Sight Word Efficiency (SWE) Test: In addition, from TOWRE-2, this test involved reading a list of high-frequency words within 45 seconds. The participants' scores were based on the number of correctly read words, indicating their sight word vocabulary size and ability to recognize words quickly. Two forms (A and D) were used, and the test was reliable, with Cronbach’s alpha values of 0.925 for nonword reading and 0.938 for word reading. The students were categorized into three groups on the basis of the Z scores derived from the tests. Table 2 provides details on the classification of reading ability groups by standard scores.
Table 2
Classification of Reading Ability Groups by Standard Scores
Group Classification | General Reading (GR) | Reading Difficulty (RD) | Severe Reading Difficulty (SRD) |
Z score range | Z score > -1.0 | -1.0 ≥ Z score ≥ -1.5 | Z score <-1.5 |
Analysis methods
The analysis was conducted in two main stages to address the research questions. First, profile analysis techniques, ANOVA, and chi-square tests were used to examine the common characteristics of the learners' educational backgrounds. This initial step involved developing several latent profile models. To ensure accurate results, skewed variables were normalized via transformation methods in SPSS (version 24.0), and all continuous variables were standardized. The students were then grouped into different latent profiles on the basis of their reading learning backgrounds.

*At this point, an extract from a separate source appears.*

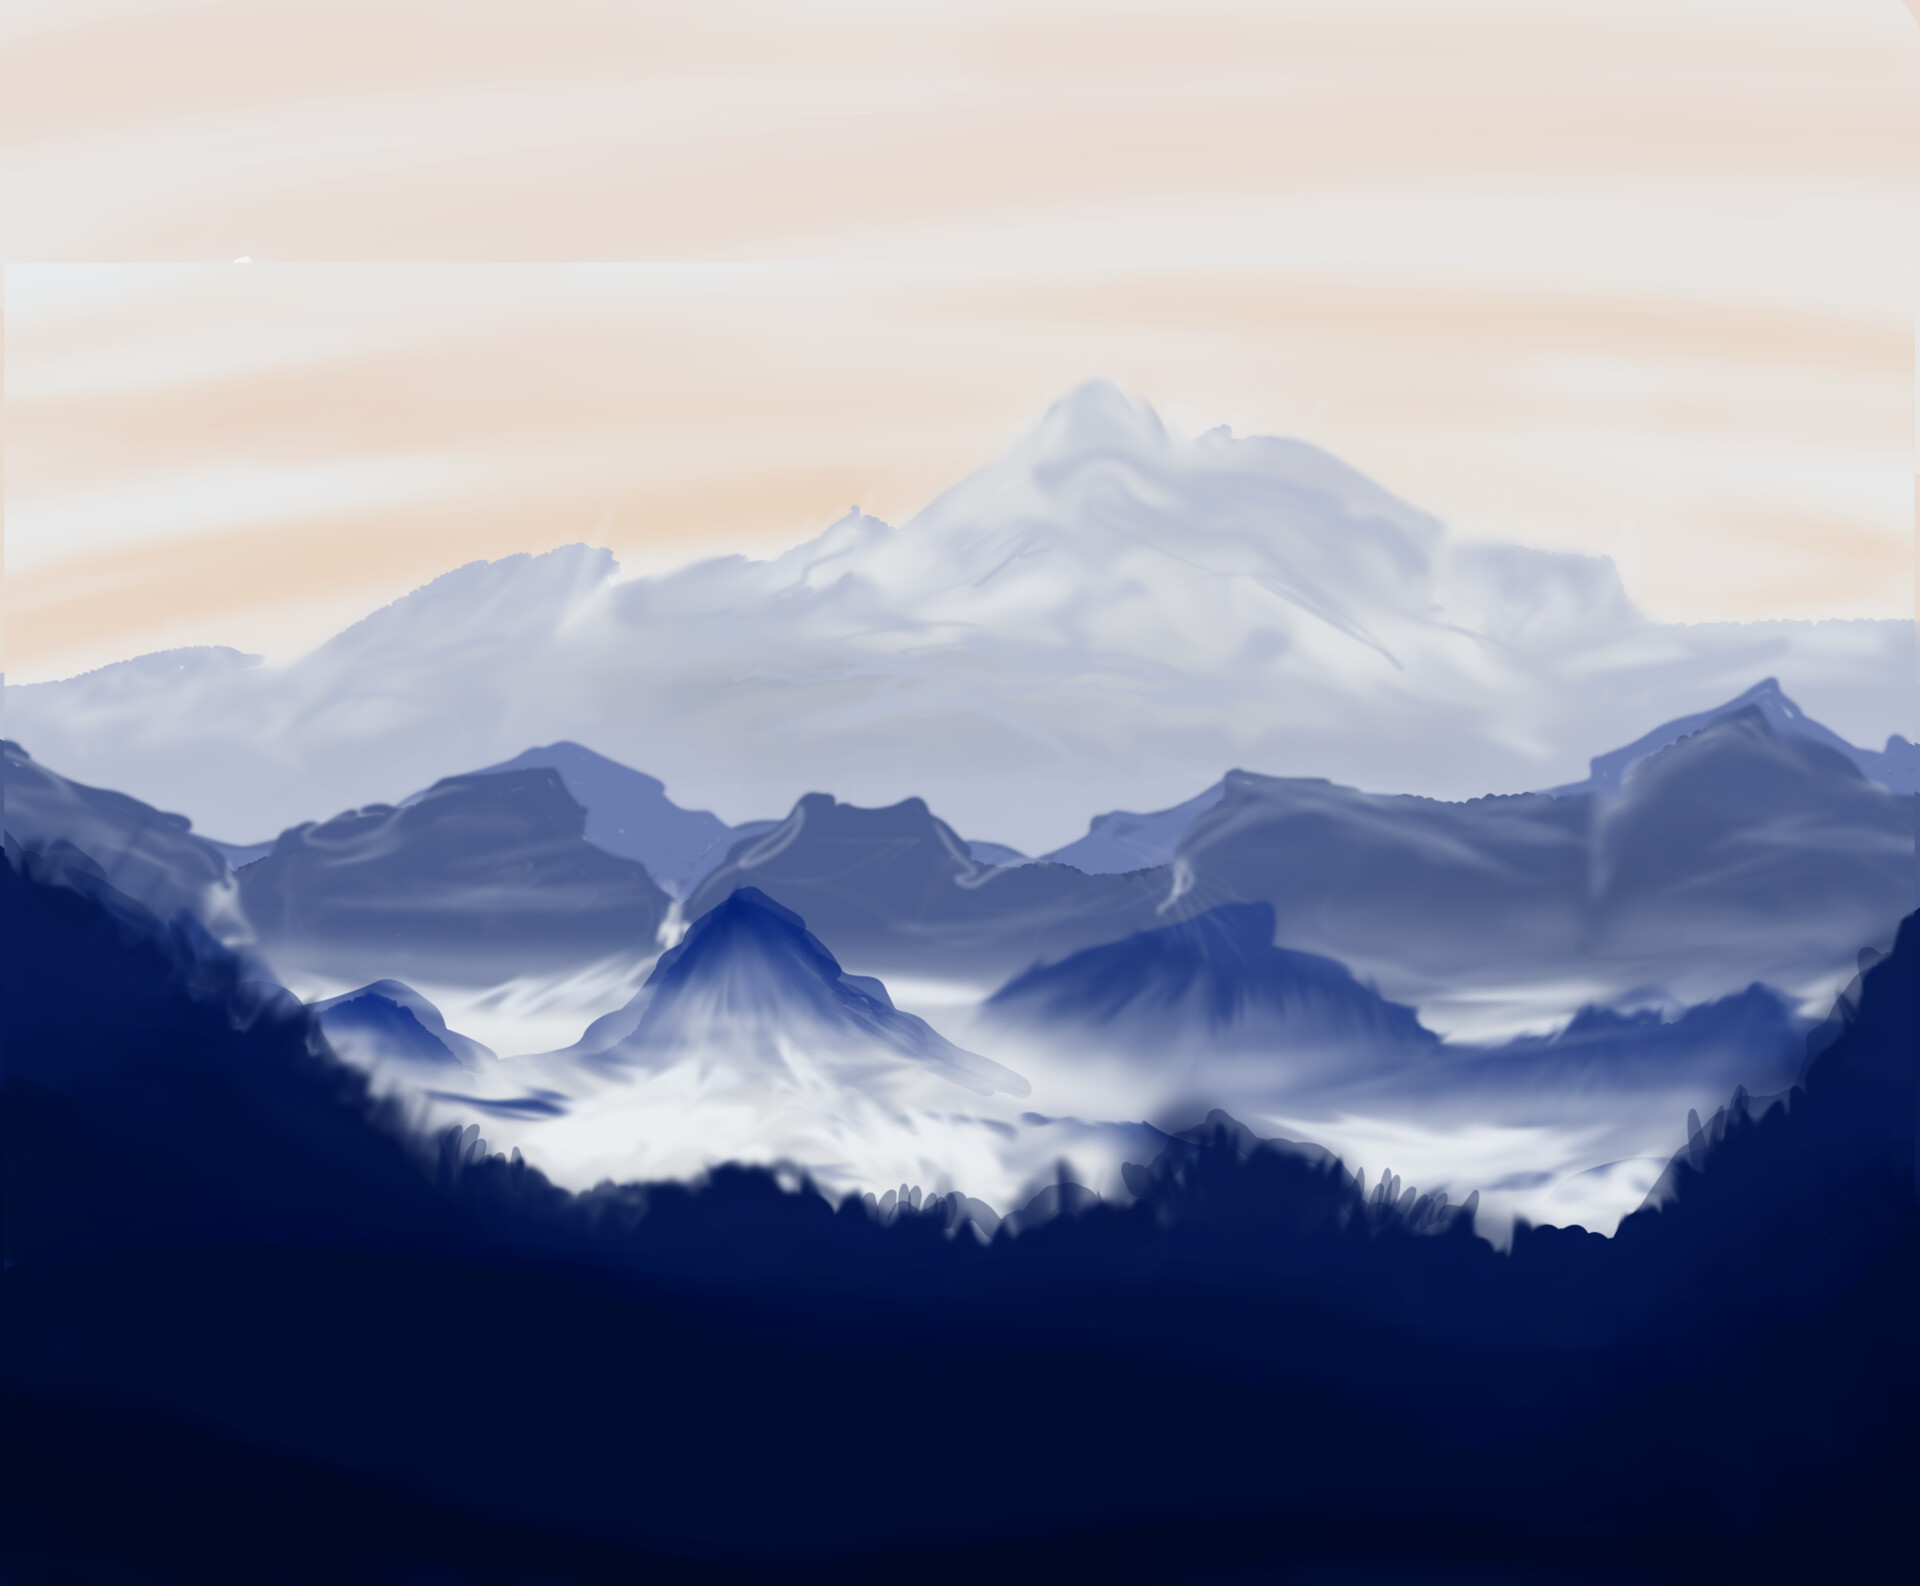 ArtStation - Mountains

These classifications were saved and analyzed concerning various covariates. Multinomial logistic regression analysis was employed for the second research question, which explored the relationship between the identified profiles and English reading proficiency. This analysis assessed how the different profiles related to students' English reading ability.
Latent profile analysis (LPA) was used to classify students into latent subgroups on the basis of their learning backgrounds. This technique, which is suitable for heterogeneous populations, estimates the probability of individuals belonging to latent subgroups and provides precise classification indices. Model fit was evaluated via several criteria:
The information criteria used were the Akaike information criterion (AIC), Bayesian information criterion (BIC), and sample size-adjusted BIC (aBIC), with lower values indicating a better fit.

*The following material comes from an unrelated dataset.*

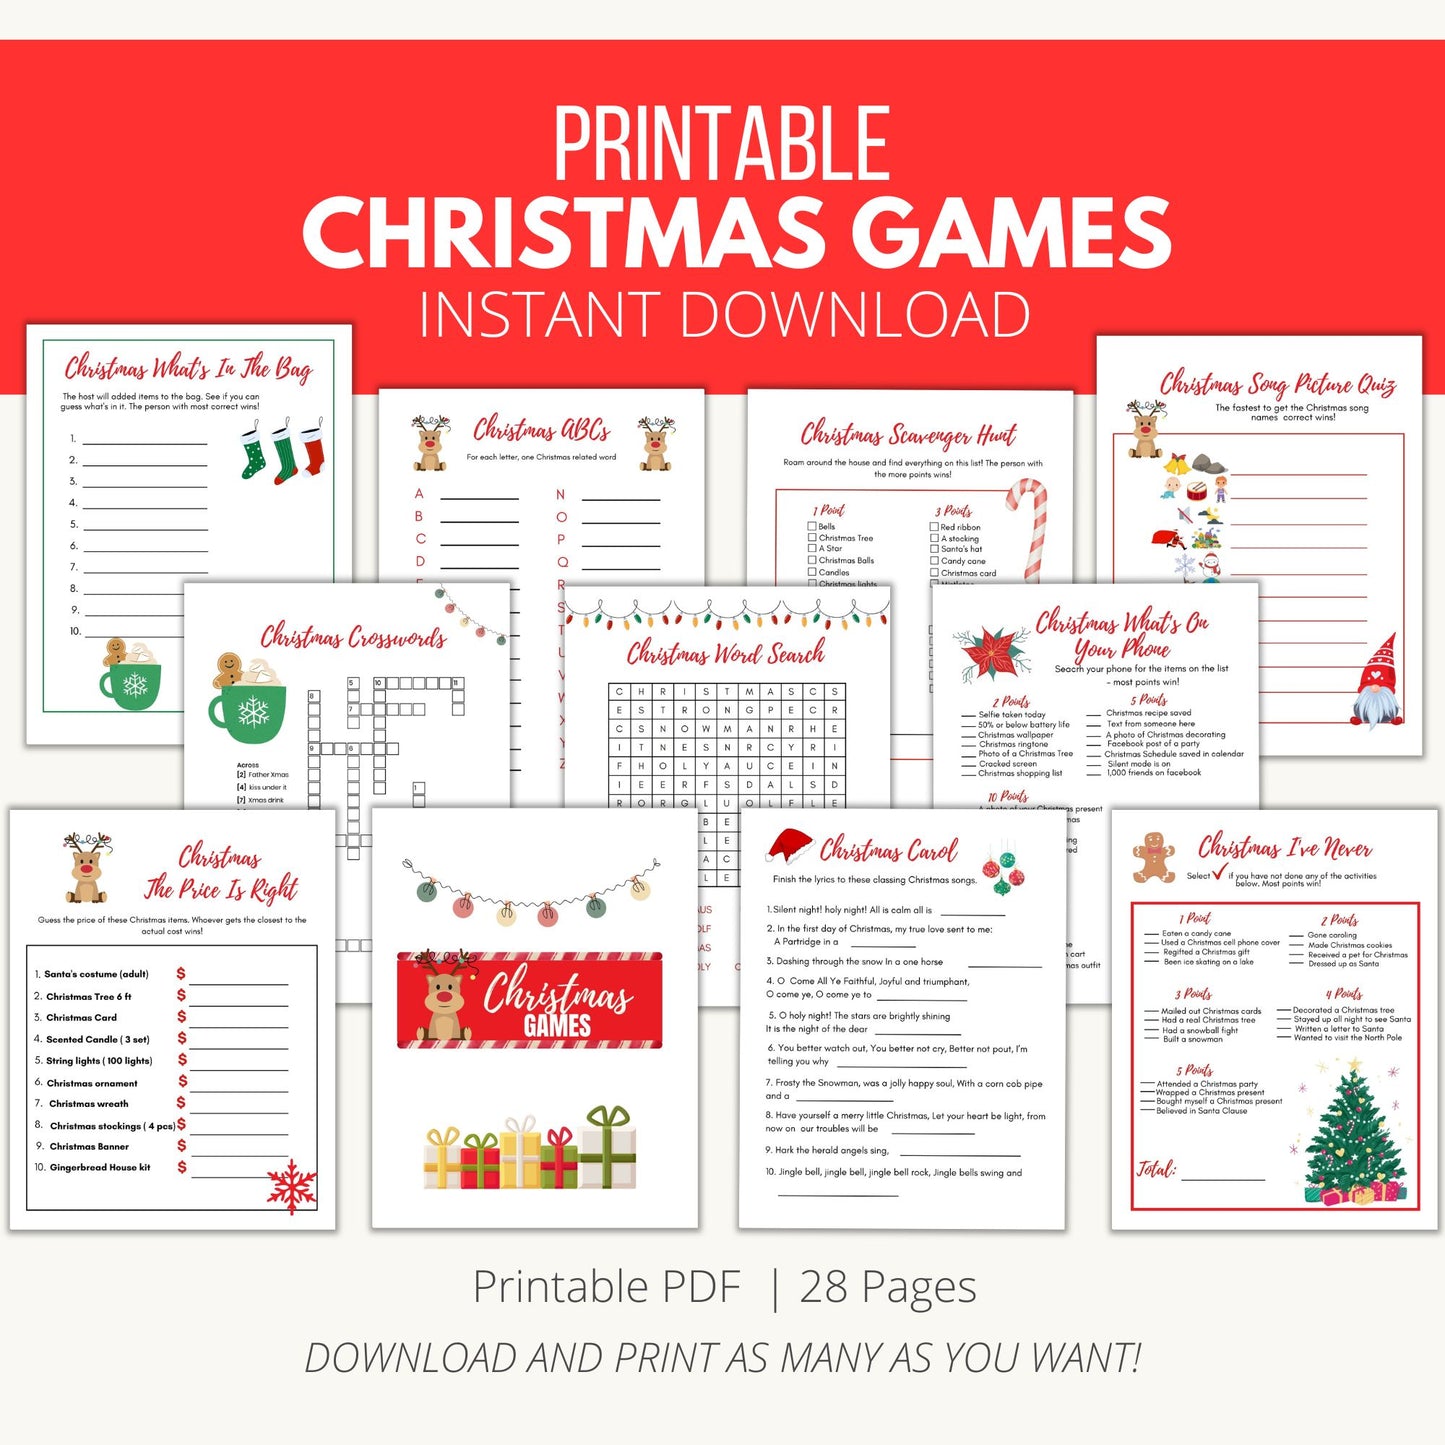 Printable Christmas Games

Entropy: Values close to one indicate good classification accuracy.
Statistical Testing: Parametric bootstrap likelihood ratio difference (BLR) and Lo‒Mendell‒Rubin adjusted (LMR) tests, with significance (p < .05) favoring models with more profiles.
LPA was conducted via Mplus 8.7, which handles missing data with full information maximum likelihood (FIML). Models with different numbers of profiles were compared on the basis of their absolute and relative fits. Chi-square tests and ANOVA were used to examine differences in individual, home, regional, and school characteristics among the derived profiles.
To address the second research question, multinomial logistic regression was used to analyze the impact of six independent variables on students' reading profiles:
Home English environment: Measured through items on English and Korean books owned or borrowed.
Parental Support: Evaluated on the basis of parental involvement in English education.
Preschool English Experience: Assessed through items about English learning in kindergarten.
Postschool English Experience**: Includes items on English learning outside of school.
Interest in English: Rated through one item on interest in English.
Necessity of English: Rated through one item on the perceived necessity of English.
All the variables were rated on a 4-point Likert scale, where higher scores indicated better conditions or higher levels. The regression model aimed to predict students' reading profiles on the basis of these learning background factors.